I just posted this in the Investing forum, probably should have been here.

This is my speculative investment for 2020 is 

(CVE: XBC) Xebec Adsorption Inc. 

This is a Profitable small cap in an extremely fast growing market with a healthy backlog of orders.

They are one of the leaders in what is estimated to be market exceeding $1.0B, they could hit $100M in revenue in 2020.

There are a number of positive comments in stockchase, link below.

https://stockchase.com/company/view/5736/XBC-X

Source Rating	Current	Issue Date

Raymond James1 STRONG BUY 2-Jan-20
Canaccord Genuity1 SPECULATIVE BUY	25-Nov-19
H C Wainwright1 BUY 18-Jun-19

Currently $2.50 range with estimates as high as $3.50 in 2020.

GLTA


----------



## humble_pie (Jun 7, 2009)

^^ yes it's an interesting newish company

but there are some momentary negatives. Advanced charting (stochs, RSI, MFI) are very toppish. Significantly also, there has recently been massive insider selling after the runup. In fact, one insider managed to sell a huge bundle just before the new issue. It looked like he was selling only a day or two before insiders' mandatory blackout period would have commenced ... yet i imagine he must have had an inkling that a share offering could be in the works.

my take: wait & see. not overly bullish at lofty levels. keep an eye on this company for time being.


----------



## cliffsecord (Jan 10, 2020)

Well, I've been aware of this company for at least a year ($ 0.70 level). I read about their technology and where it falls and I like what I read. I can see how this fits into the renewable/green energy and movement. They seem to be getting new contracts but I feel that they are just small try and see contracts. We'll also have to see how scalable their technology really is.

I find that small companies can have really good technology but management can really hinder growth if they don't know how to manage the growth. I've learned that first hand with the start up high tech company I worked for in early 2000s - in a positive way. Being an engineer I thought that all you need is a good product/technology, but I soon realized that the product is a small part of the company. The real money is made from the marketing and reputation.

With all that said...I bought a small amount (less than 0.5% of my portfolio)...but whenever i start feeling so good and start buying risky small caps I expect the party to end soon!!
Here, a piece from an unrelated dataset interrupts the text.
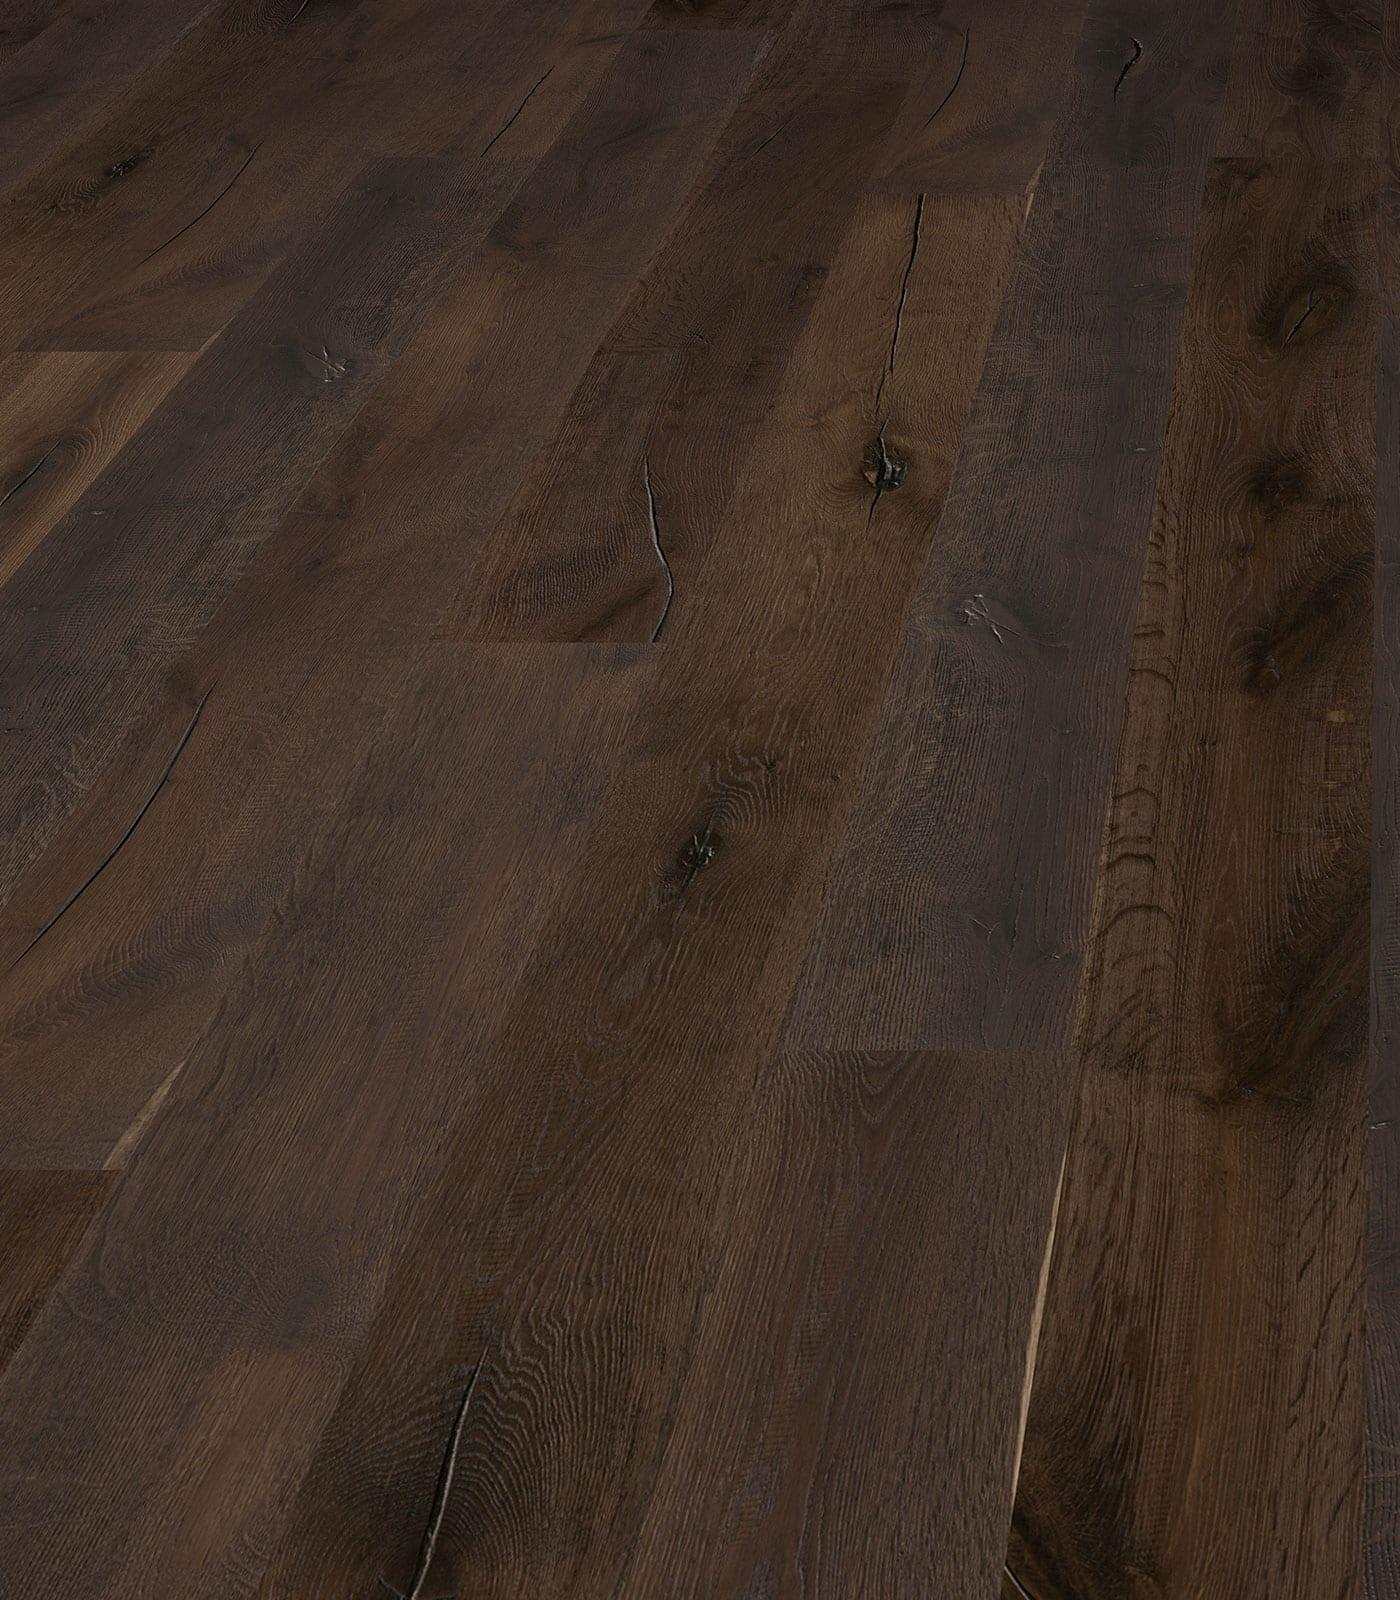 Atlay-Antique Collection-European Oak Floors-angle

The first time bought a small Canadian company was WiLan in 2000 (rode it up to $100 then back down to $3), then I tried Neptune Bioressources...third times a charm?


----------



## naysmitj (Sep 16, 2014)

Xebec Welcomes Mr. Brian Levitt as Advisor to its Board of Directors
MONTREAL, (QC), Jan. 20th, 2020 – Xebec Adsorption Inc. (TSXV: XBC) (“Xebec”), a global provider of clean energy solutions is pleased to announce today that Mr. Brian Levitt will be providing strategic, commercial and corporate finance advice to its board of directors and management.

Mr. Levitt is the current Chairman of The Toronto-Dominion Bank (TD) and has been an independent director on TD’s Board since December 2008. In addition to being Chairman of TD, he also serves as director of Domtar Corporation and TD Ameritrade Holding Corporation.

He is the former President and Chief Executive Officer of Imasco Limited, during the time one of Canada’s largest consumer goods and services companies.

Furthermore, Mr. Levitt served as Chairman of the Board of Domtar Inc. (predecessor of Domtar Corporation) from 2004 to 2007.

Mr. Levitt is Chair Emeritus of the Montreal Museum of Fine Arts and is Vice-Chair of the Board of the C.D. Howe Institute as well as Chancellor of Bishop’s University. In 2015, Mr. Levitt was appointed an Officer of the Order of Canada.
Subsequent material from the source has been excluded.